Cousins are na-mehrams..
Marriage with cousins is religious norm not cultural. One should not forbid himself for cultural reasons.
"Jis aurat ko Allah nai tum per halah kiya, tum usko muashrati wajohaat sai khud per haram nahi kar saktay.
In Islam it is permitted and encouraged.
Nice to see yet another religiously-correct comment attached to my comment plus the hardcore urdu does add weight to it.
Having said that, I dont remember saying anywhere that it is against the religion OR that Pakistani society doesnt accept it. What I said was that this concept varies from family to family, some cousins are brought up like siblings, some are not.
Not true. It is permitted but not encouraged. It’s encouraged to marry outside.
**
**Islamic View on Marrying Cousins
"Marriages between first cousins are allowed in Islam. In surat an-Nisa’ (4:22-24), Allah mentioned the women who are forbidden for marriage and then He said, “… Lawful to you are all beyond those mentioned, so that you may seek them with your wealth in honest wedlock…” In surat al-Ahzab (33:50), Allah mentioned to the Prophet that he may marry the daughters of his uncles and aunts from the father’s side or the mother’s side.
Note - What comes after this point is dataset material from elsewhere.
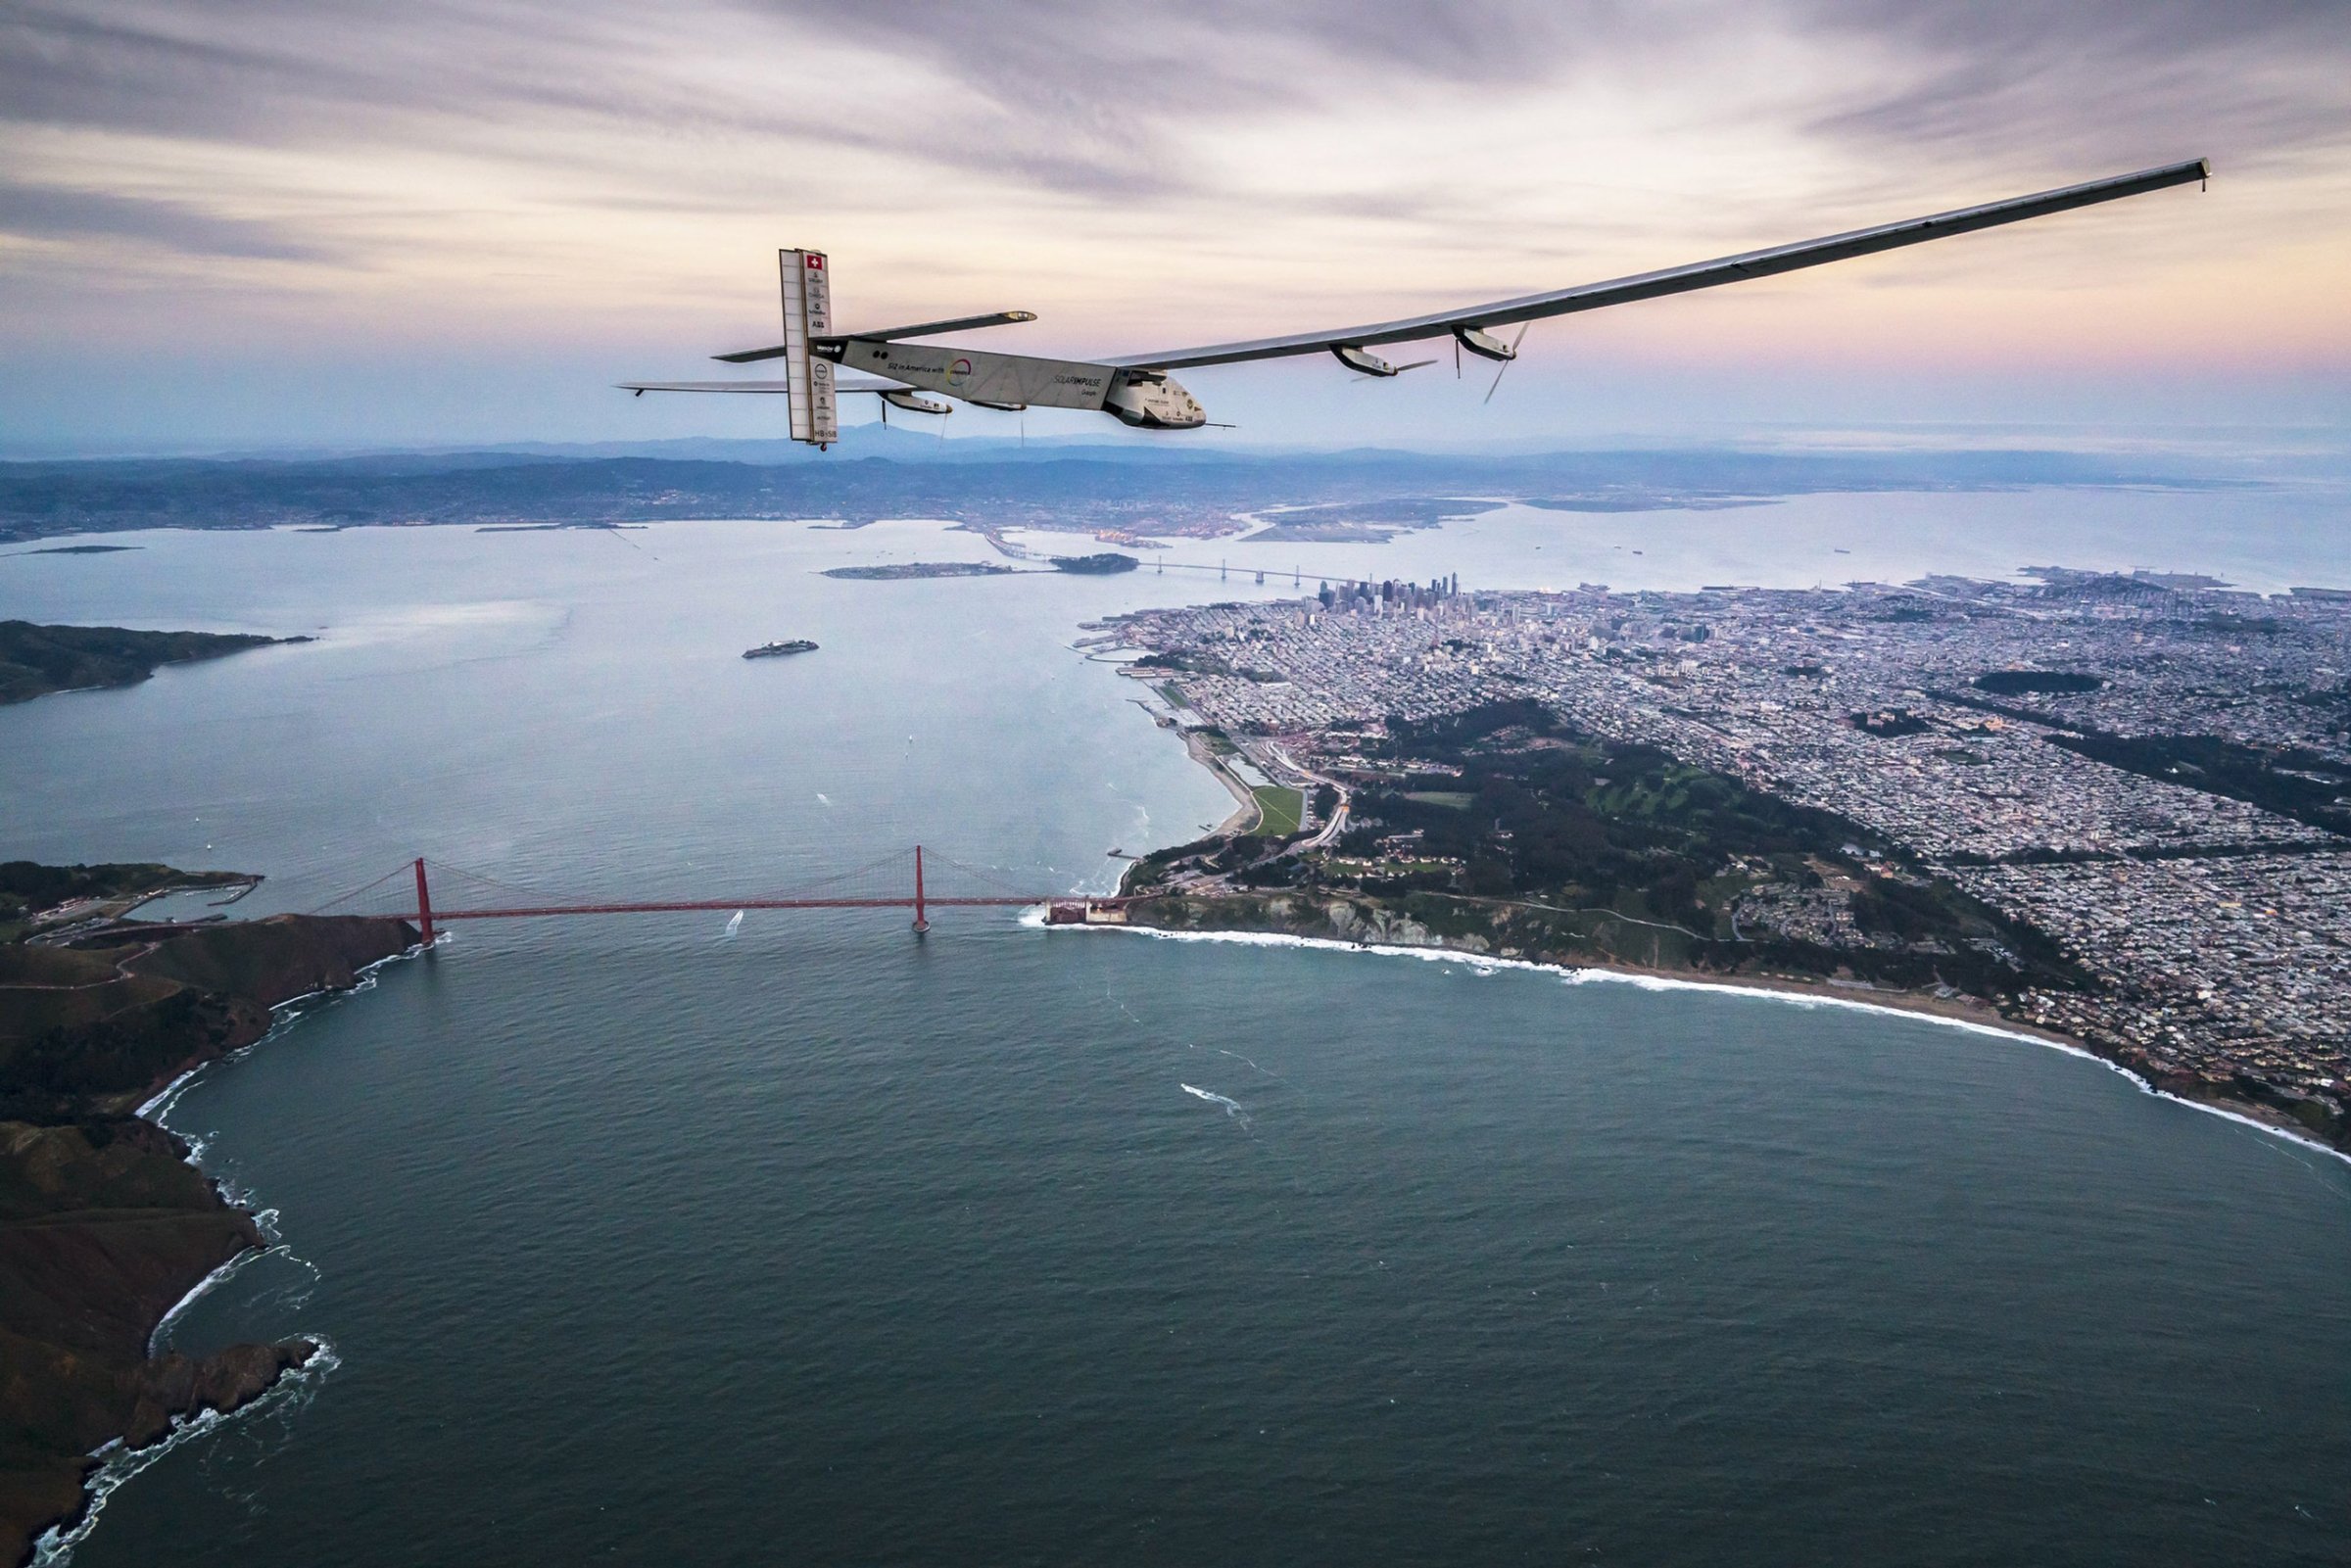 SAN FRANCISCO, CA - APRIL 23: In this handout image supplied by Jean Revillard, Solar powered plane 'Solar Impulse 2', piloted by Swiss adventurer Bertrand Piccard, flys over the Golden Gate bridge in San Francisco, after a flight from Hawaii during its circumnavigation, before landing at Moffett Airfield in Mountain View in Silicon Valley, on April 23, 2016 in San Francisco, California. The Solar Impulse 2 is equipped with 17,000 solar cells, has a wingspan of 72 metres, and yet weighs just over 2 tonnes. (Photo by Jean Revillard via Getty Images)

It is the consensus of the jurists that this permission was not only for the Prophet, but it is also a permission for other believers. Muslims have practiced marriages between first cousins in all countries since the time of the Prophet.
However, a different question may be asked, namely: **“Is it better or preferable for a Muslim to marry someone he is not related to rather than a relative?” **
The answer to this question varies from case to case, and perhaps it may be preferable to marry people who are non-relations, for example if one aspires to form new social ties or bonds, and regards the existence of a marriage relationship with a different family as constructive in widening the circle of social bonds."(Source: www.islam-qa.com)
The Islamic view is that while marriage between cousins is permissible, it is preferable to choose a marriage partner from outside one’s family. We have to distinguish between what is permitted and what is advocated. Some clans restrict marriages to amongst their kin only – a practice far from what is advocated. It is worth stressing here that when marriage of cousins is repeated over several generations, they are bound to have more effects on children.
**By permitting such marriages Islam does not encourage them. It advocates the cementing of social relations through marriages between totally unrelated families. **
The Prophet (peace and blessings be upon him) once told one of his Companions to choose a wife from a tribe different to his, and then to choose for his son a wife from a third tribe, and to seek for his second son a girl from yet another tribe.
Preferring this course of action, Islam nevertheless permits marriage between cousins because it meets a social need.”
Excerpted, with modifications, from: IslamiCity.com - Islam & The Global Muslim eCommunity
Source: Islamic View on Marrying Cousins - IslamonLine.net - Ask The Scholar
Marrying sumone closely related puts offspring at high risks- illnesses known as recessive genetic disorders.